● **Collected data**
- Opening Delimiter -
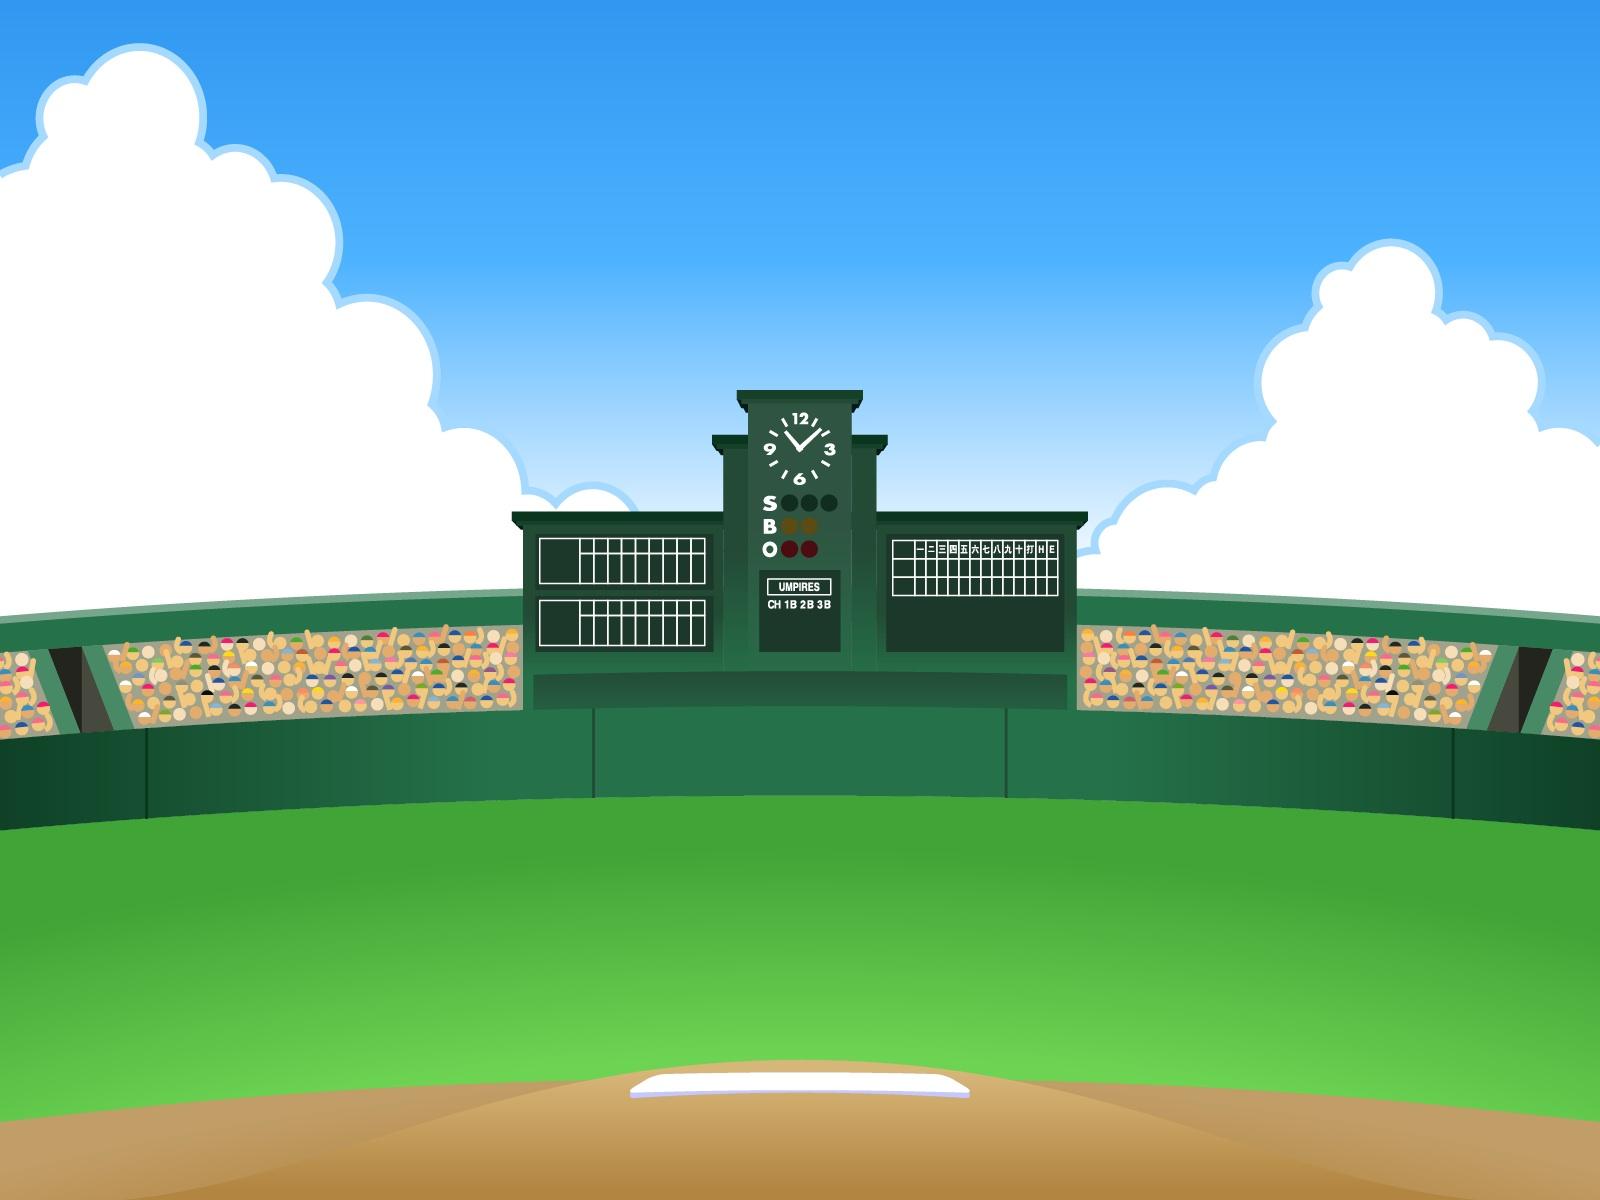 高校野球記念日
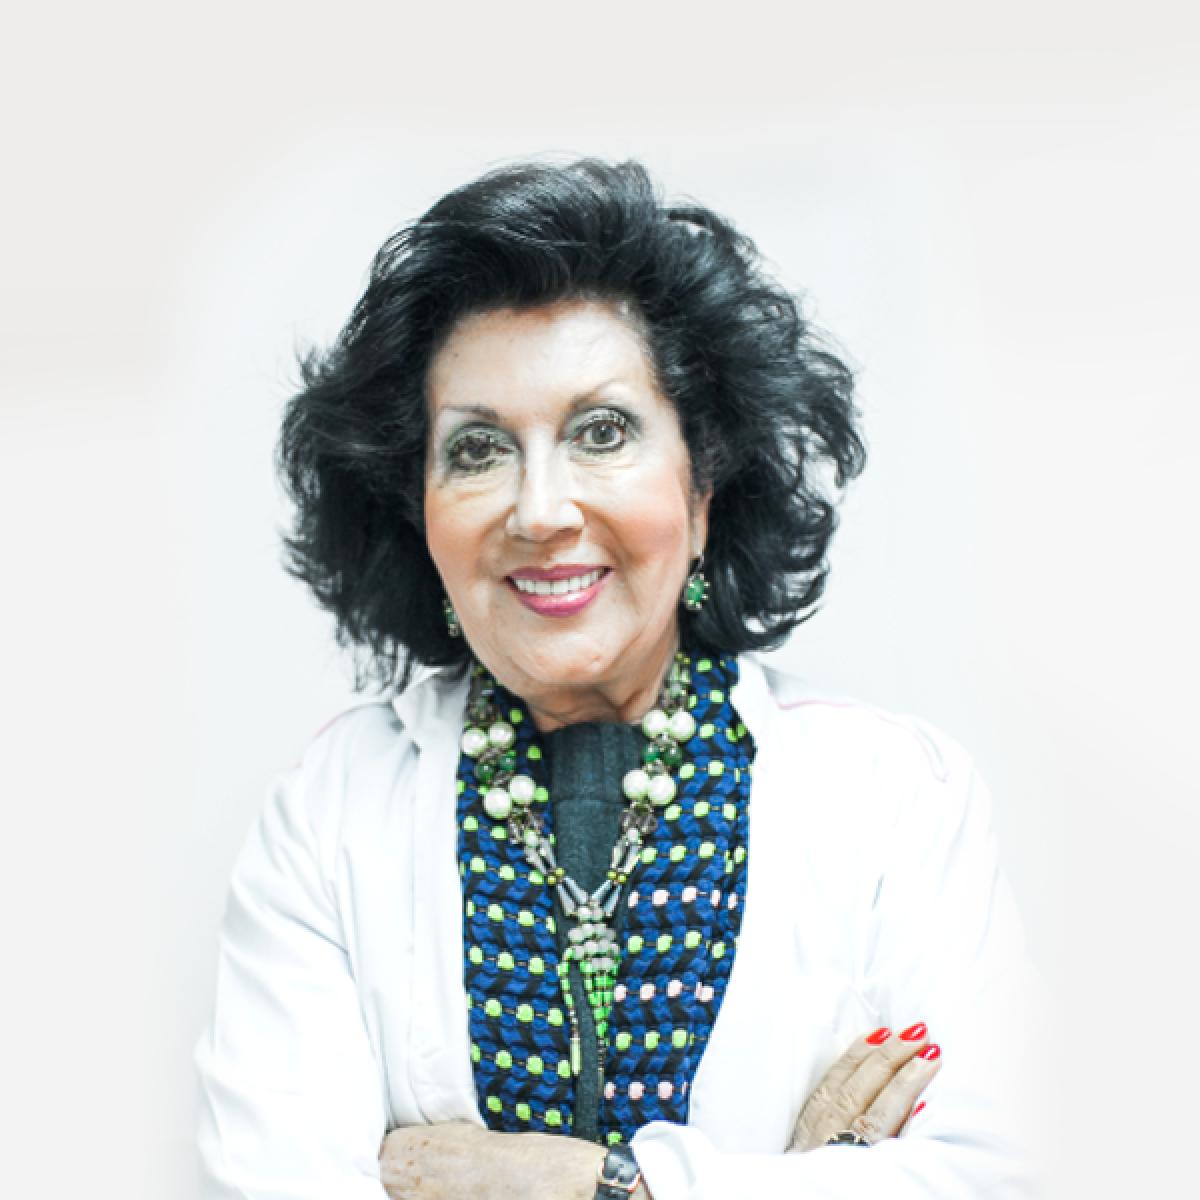 Dra. Teresa de Sousa
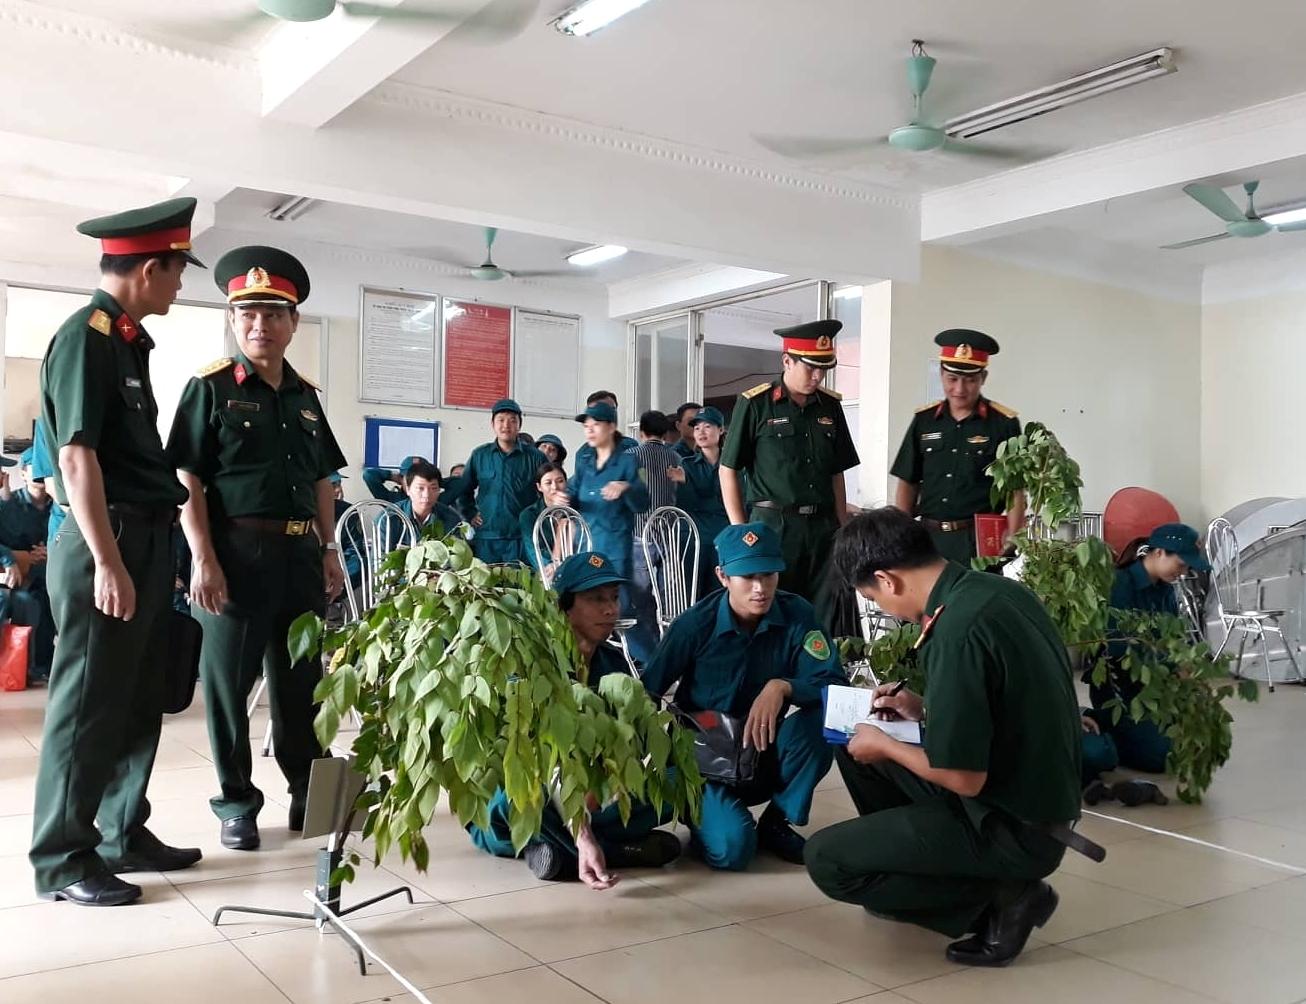 Tự vệ Khối cơ quan và các đơn vị thành viên khu vực Long Biên tham gia Hội thao quốc phòng Dân quân tự vệ quận Long Biên năm 2018
- Closing Delimiter -
● **Instructions for the task**
Restate the entire listing word for word, excluding pictures.

● **Response to this task**
 高校野球記念日
 Dra. Teresa de Sousa
 Tự vệ Khối cơ quan và các đơn vị thành viên khu vực Long Biên tham gia Hội thao quốc phòng Dân quân tự vệ quận Long Biên năm 2018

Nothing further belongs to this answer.